June 16th, 2008

beartato phd

(no subject)

I remember seeing a couple of folks from IBM's Many Eyes give a talk here a while ago — neat stuff. LanguageLog linked to this visualization in particular, with a challenge to guess what "ne" might mean just by looking at this corpus. My guts suggest some kind of discourse particle since it seems to occur at the beginning and end of sentences so often, but I think I am being unconsciously biased by it being one in japanese.

It got me thinking about various things, those which I'm sure (especially corpus-based) NLP people have actually thought pretty hard about. I mean, just what can you figure out just form co-occurrence patterns of tokens? The fact that visualization is so helpful suggests that we have reached a point where the algorithms we know how to write (for visualization or for massive statistical analysis) and the algorithms in our brain we know to use (i.e. stare at something and see if any patterns reveal themselves) are no longer really in a relationship of the one just beating the other, but are complementarily useful.

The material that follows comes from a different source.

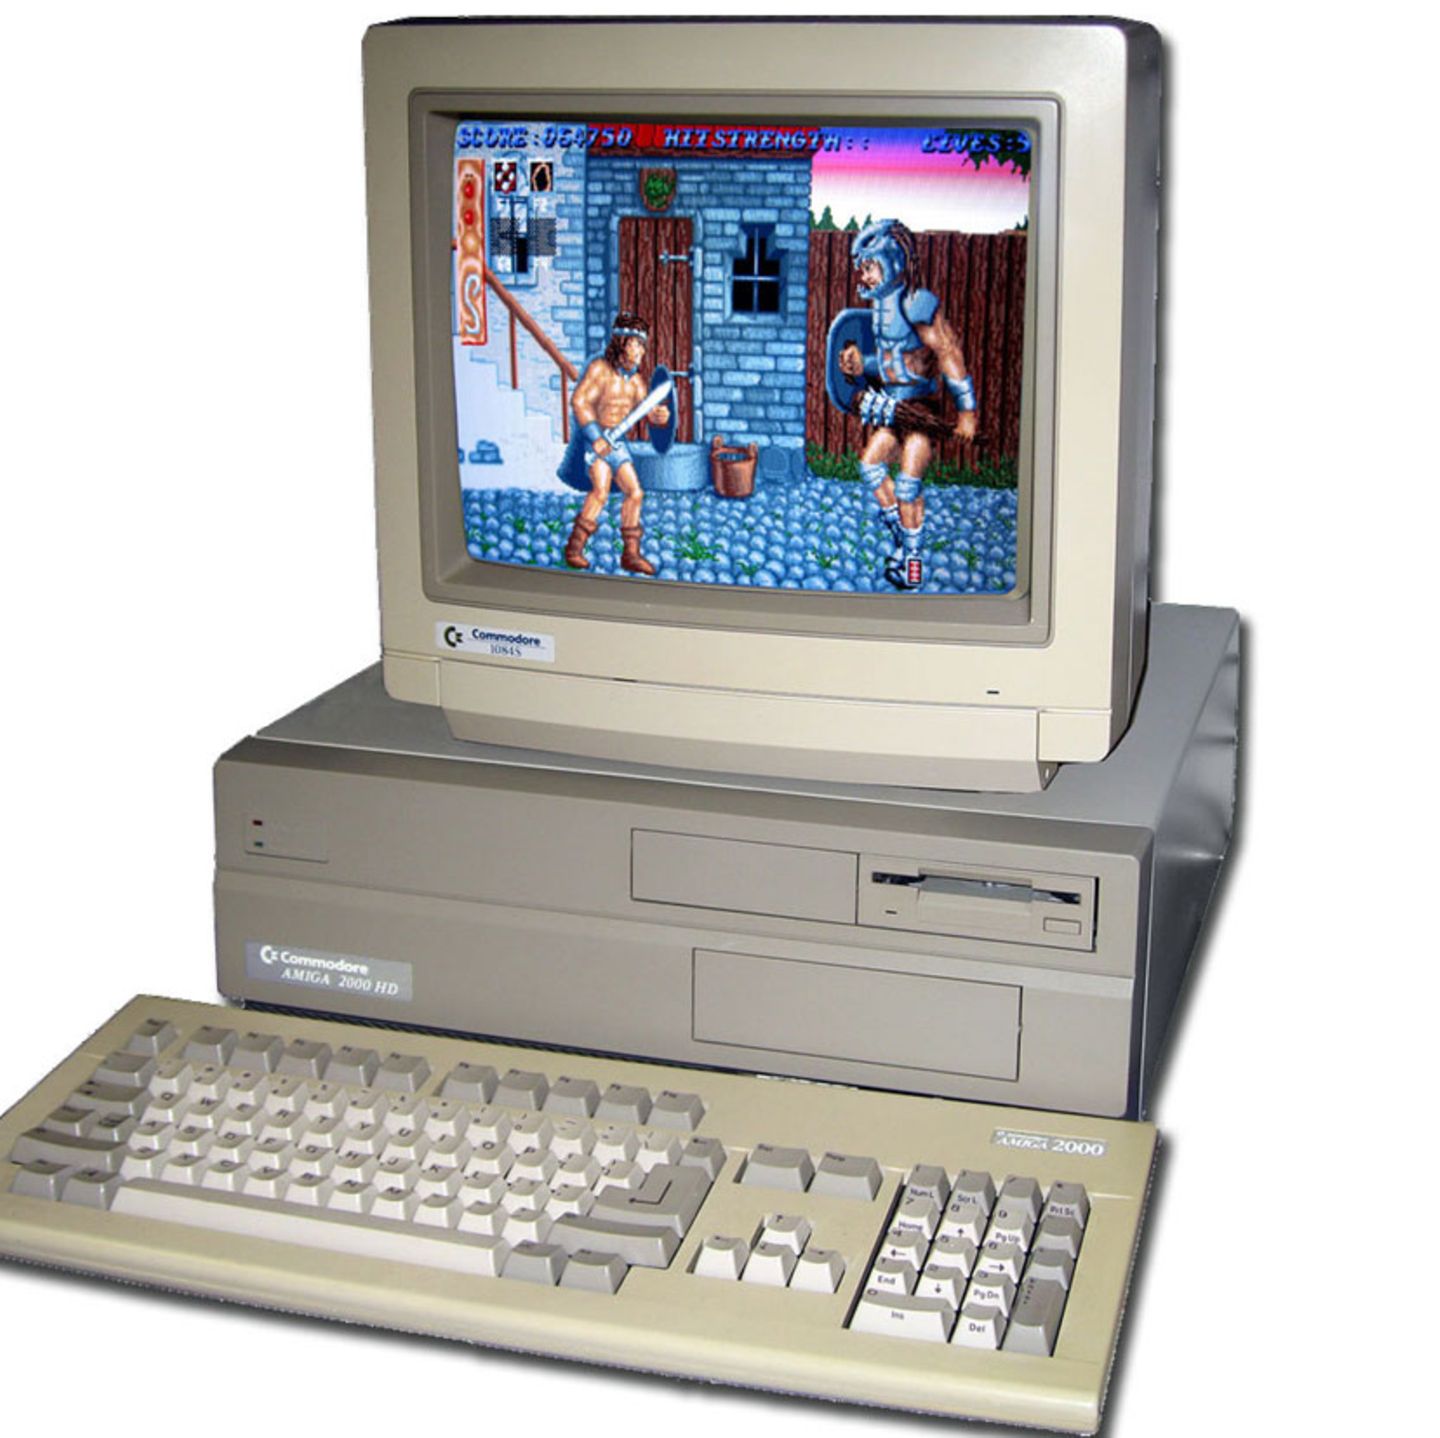 Качество персональных компьютеров. IBM компьютеры 2000. Компьютер Macintosh 2000. Макинтош компьютер Apple 2000. IBM PC 1996.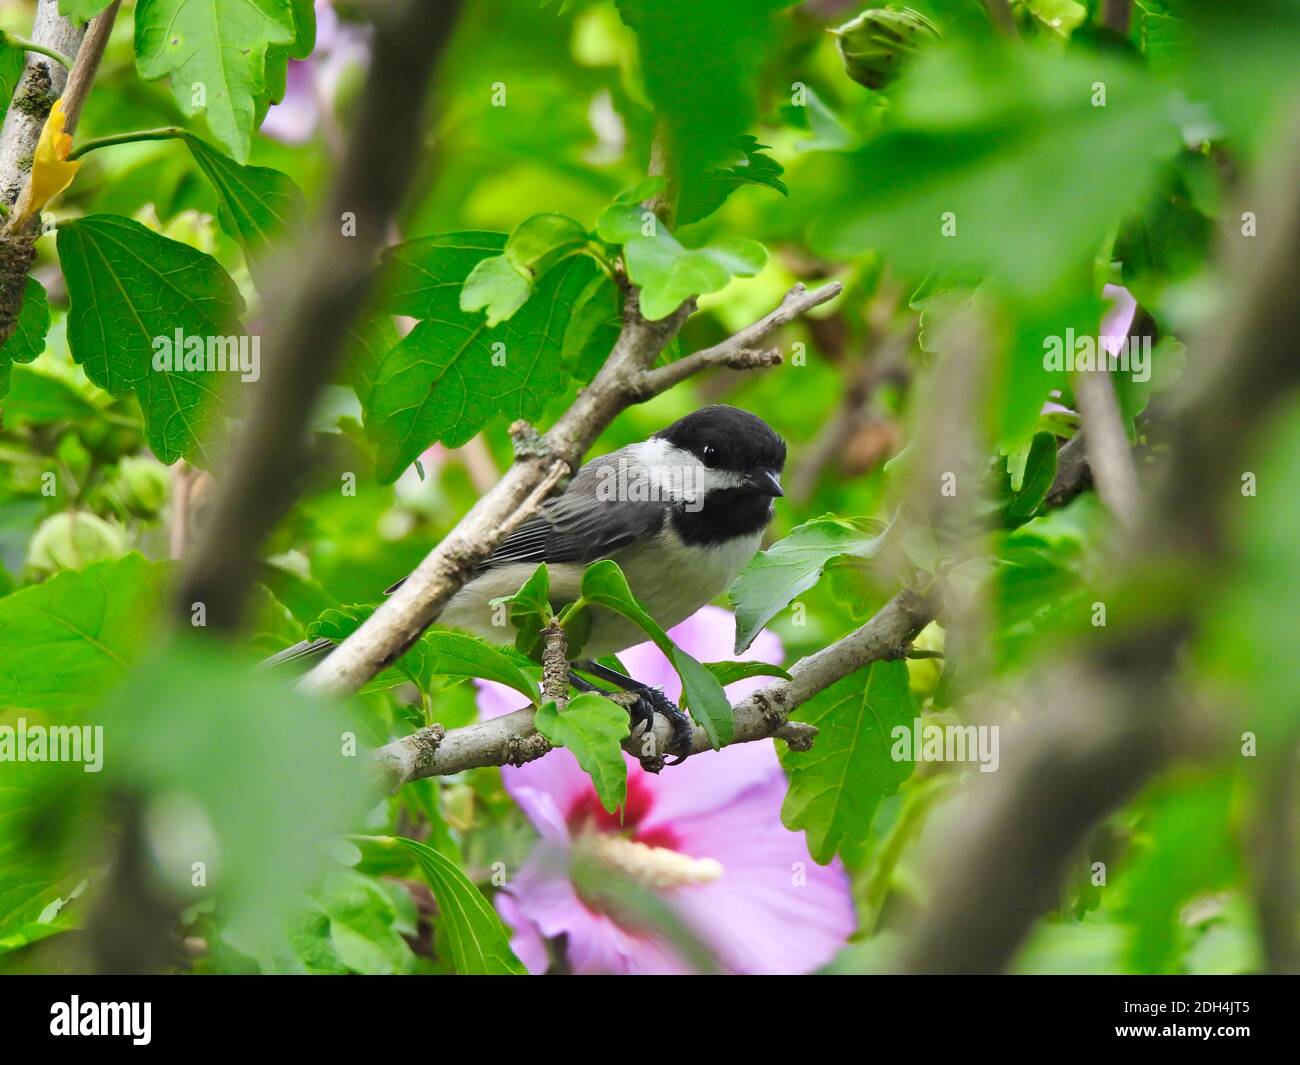 Chick-a-Dee Vogel im Hibiscus Blumenbusch versteckt zwischen grünen Blättern und Blumenblüten mit schwarzen, weißen und grauen Federn Stockfoto

A specific open question to those of you that do know a lot NLP/machine learning stuff: how hard/already pretty well solved is the following problem? You are given some random typical western european text from which all the spaces have been removed, and all letters have been permuted - that is, a random cipher has been applied, just to keep you from cheating and using dictionaries. Just from statistical properties of letter co-occurrence alone, figure out where spaces should go.